Mr. Black’s estate paid the estate tax owed on Mr. Black’s estate, but considered the marital trust to be funded as of the date of death of Mrs. Black.  Thus, Mrs. Black’s estate tax and other liabilities owed was significant and her estate lacked sufficient liquid assets to discharge the tax and other liabilities.  In order to help with the liquidity problem, Samuel III (the general partner) agreed to have BLP sell some of its stock in Erie in a secondary offering.  This sale raised $98 million, of which $71 million was lent to Mrs. Black’s estate by BLP.  The interest expense on the loan was payable in a lump sum on the purported due date (more than 4 years from the date of the loan), and was deducted in full on Mrs. Black’s estate tax return.  Mrs. Black’s estate used the funds to discharge its Federal and State tax liabilities, pay the $20 million bequest to the university endowment, reimburse Erie’s costs of approximately $981,000 in connection with the secondary offering and pay $1,155,000 each to Samuel III (as executor fees) and to a law firm (as legal fees associated with the Estate).
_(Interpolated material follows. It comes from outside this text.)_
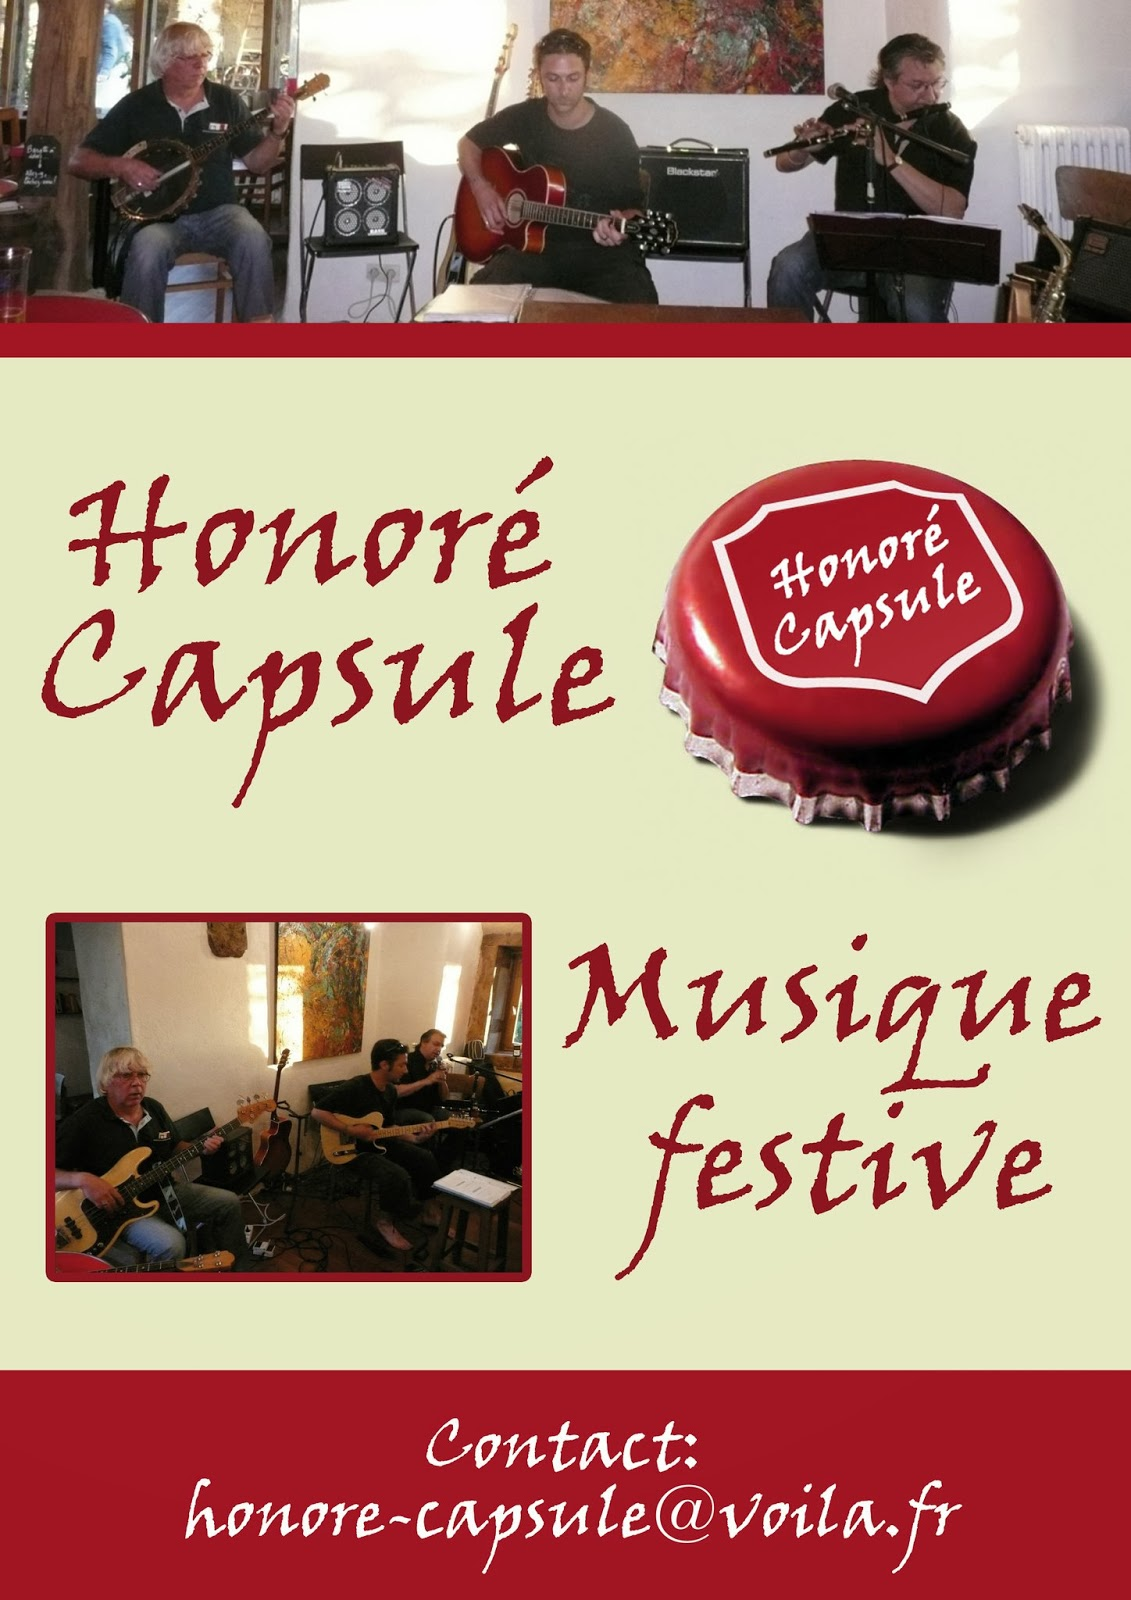 Honoré Capsule

The IRS argued that: (1) the value of the Erie stock apportionable to Mr. Black’s partnership interest in Black LP at his death is includable in his gross estate under Section 2035(a) or 2036(a)(1); (2) the marital deduction to which Mr. Black’s estate is entitled is limited to the value of the partnership interest in Black LP that actually passed to the marital trust; (3) the deemed funding date of the marital trust and the size of the Black LP interest includable in Mrs. Black’s estate should be determined by reference to the value of Black LP on the date of Mr. Black’s death and not Mrs. Black’s death when the value was higher and it would require a smaller interest in Black LP to fund the trust; (4) the interest payable on the Black LP loan to Mrs. Black’s estate is not a deductible administration expense; and (5) Mrs. Black’s estate is not entitled to deduct the $981,000 of Erie’s secondary offering costs and is only entitled to deduct $500,000 of the son’s executor fees and $500,000 of the legal fees.  Thus, the IRS assessed deficiencies on both estates of over $200 million.

 The Arguments and Findings:

The Court was asked to determine if there was a bona fide sale of Erie stock upon the funding of Black LP in 1993.  The Court determined that there was in deed a bona fide sale of stock for full and adequate consideration to Black LP and that its seven year existence and operating history was enough to provide a “legitimate and significant non-tax purpose” for the partnership’s existence.  In addition, the Court noted that Mr. and Mrs. Black had retained approximately $4 million of assets, outside the trust with an average income of $600,000 per year and therefore did not utilize any trust principal for their daily living expenses.

In regard to the marital trust, it was deemed to have been funded from the estate of Mr. Black.  Because the funding of the marital trust would have occurred in due course after the death of Mr. Black, the valuation of the trust was determined as of the date of death of Mrs. Black.  The loan of $71 million from Black LP to the estate was determined to be completely within the control of Samuel III, as executor of the estate, and owner of the controlling interest in Black LP.  The loan was deemed not “necessarily incurred” within the meaning of Section 20.2053-3(a) and therefore, the interest expense was deemed not a deductible administration expense.

Furthermore, the Court determined that Mrs. Black’s estate was entitled to deduct: (1) $481,000 of the $981,000 of secondary offering costs reimbursed to Erie, (2) half of the son’s executor fees and (3) half of the legal fees (as the Court determined that ½ of those amounts represented expenditures or effort on behalf of Mrs. Black’s estate as opposed to both Mr. and Mrs. Black’s estates).

Parting Thoughts:

 This case provided a rather detailed look into what represents a “bona fide sale” and what is deemed to be “full and adequate consideration”.  I found it interesting in that there was no discussion as to valuation discounts (e.g. minority interest discount and lack of marketability discount) that were applied in determining the fair market value of the limited partner equity interest in Black LP.